Роддом, или Поздняя беременность. Кадры 27-37
Шрифт:
– И что мне со всем этим делать? – несколько рассеянно произнесла Татьяна Георгиевна.
– С количеством элементарных частиц во Вселенной или с радостным недержанием? – с таким выражением лица, что его ни на секунду нельзя было заподозрить в ёрничании, уточнил глава анестезиологии и реанимации родильного дома.
– С девчонкой этой, Аркаша. С девчонкой! Фамилию она свою не говорит. Домашний номер не сдаёт. Что мне делать? Нахер он мне нужен был, этот припадок вселенской, блин, жалости, а?!
– Он тебе не был нужен. Но ты добрый человек. Так уж закодирована кодировка кодировки твоих нейронов. И с тем, что ты добрый человек, я не знаю, что делать, увы. Хотя с радостью бы тебя перекодировал, знай я тот механизм. А девчонку можно сдать
Татьяна Георгиевна кивнула на бесформенную кучку несвежих тряпок, скинутую девчонкой на один из псевдогамбсовских стульев.
– Сумки у неё не было!
– Плохо гоняют твои нейроны, Татьяна Георгиевна. Ну, или кодировка кодировки, кодирующая кодировку кодировки…
– Аркаша, я тебя убью! – перебила его Мальцева.
– Ну или, проще сказать, «порядочность», хотя ты и не дала мне закончить полное и правильное название этого электрохимического явления, – не позволяет тебе пошарить по карманам девчонки.
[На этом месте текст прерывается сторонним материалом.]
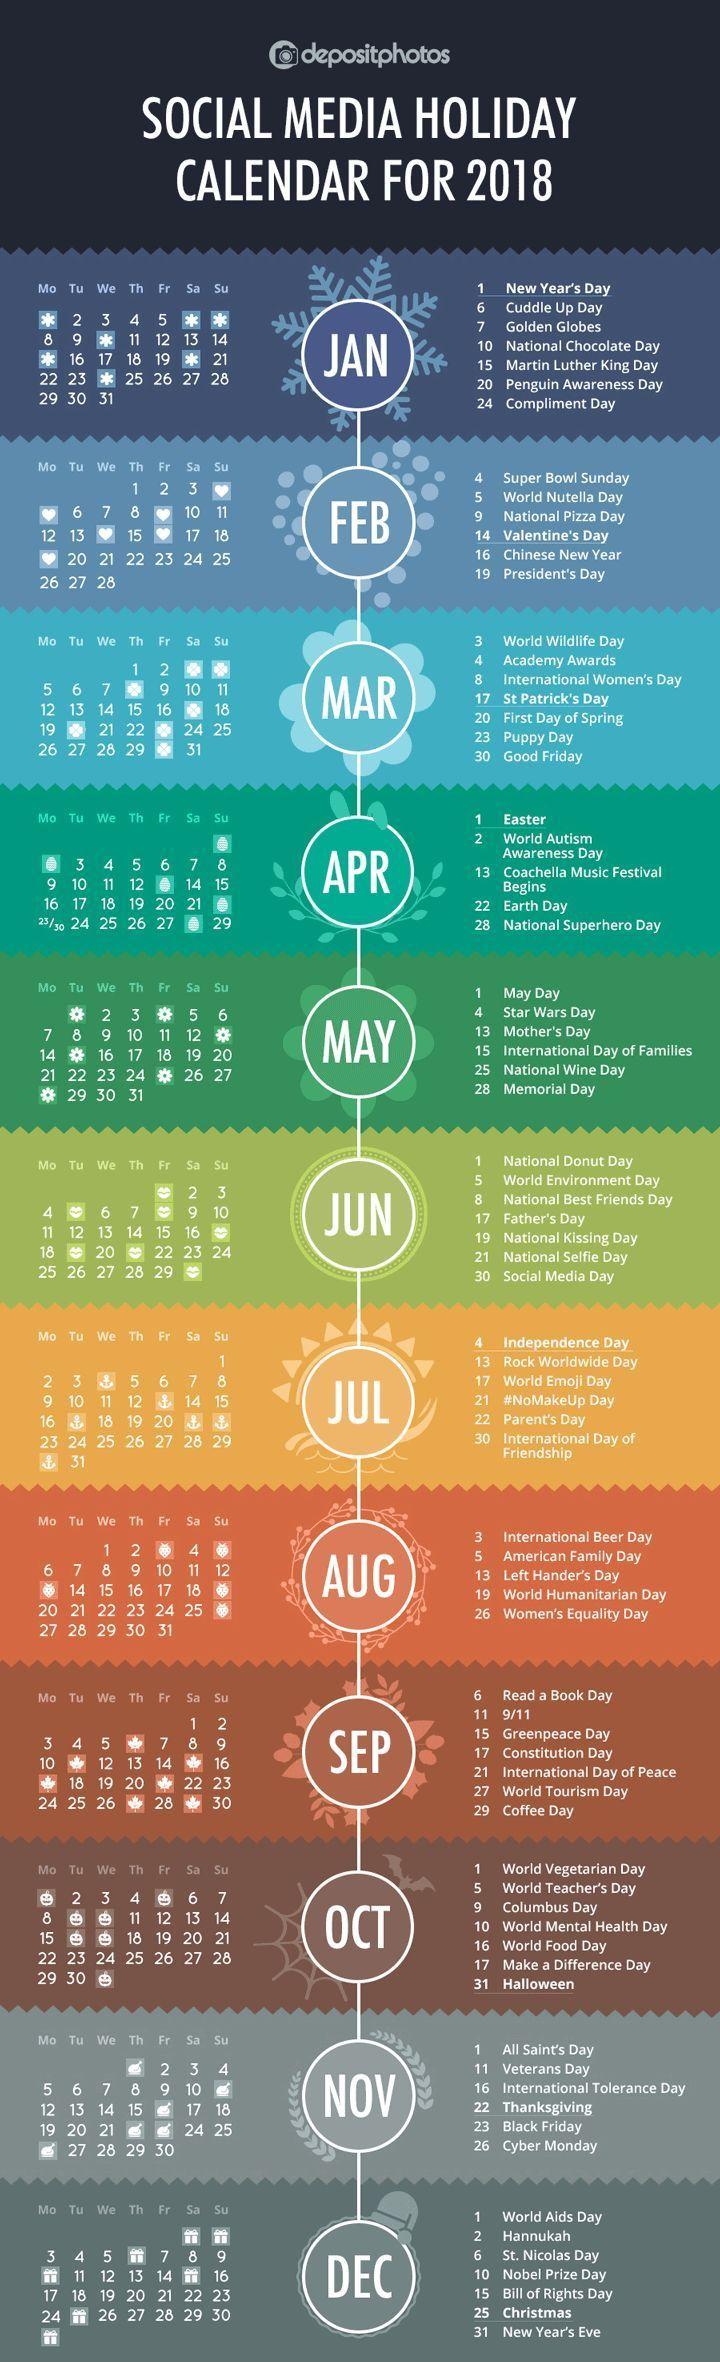 100 Social Media Holidays You Need In 2020 21 Indispensable Marketing Strategy Social Media Social Media Calendar Media Marketing

Потому что ты…
– Дура! – охнула Татьяна Георгиевна, как будто упустила возможность самостоятельно сделать открытие, очевидность которого бросалась в глаза.
– Ага! – радостно подтвердил Святогорский, уже обшаривая карманы Алёны. – Вот, кошелёчек. Трогательный девический кошелёчек-животное. Это худой мишка или собака, страдающая ожирением?.. Ладно, ладно! – Он поймал взгляд Татьяны Георгиевны и просто расстегнул змейку. – А в кошелёчке у нас что? Сто рублей. Парочка в труху истёртых десяток, мелочь, ключи и… маленький розовенький блокнотичек-мимимишечка! Открываем, и… «мама моб», «мама раб», «папа моб», «папа раб». Которому из рабов позвоним?
Татьяна Георгиевна пожала плечами. Меньше всего она, честно говоря, хотела связываться с родителями этой девочки Алёны. Хоть с одним из них. В голове Мальцевой не умещался тот ужас от потери айфона, от того, что девчонку заругают, что сама в ту компанию попёрлась, что куртку порвала, вырываясь – она же хотела убежать, когда поняла, что… Но парни, они же сильнее. А пьяные – совсем дурные… Татьяна Георгиевна не могла говорить с людьми, которых настолько боится их собственная дочь. Святогорский внимательно посмотрел на свою подругу.
– Понятно. Ладно. – И, напевая себе под нос «друг в беде не бросит…», подошёл к городскому телефону и набрал номер.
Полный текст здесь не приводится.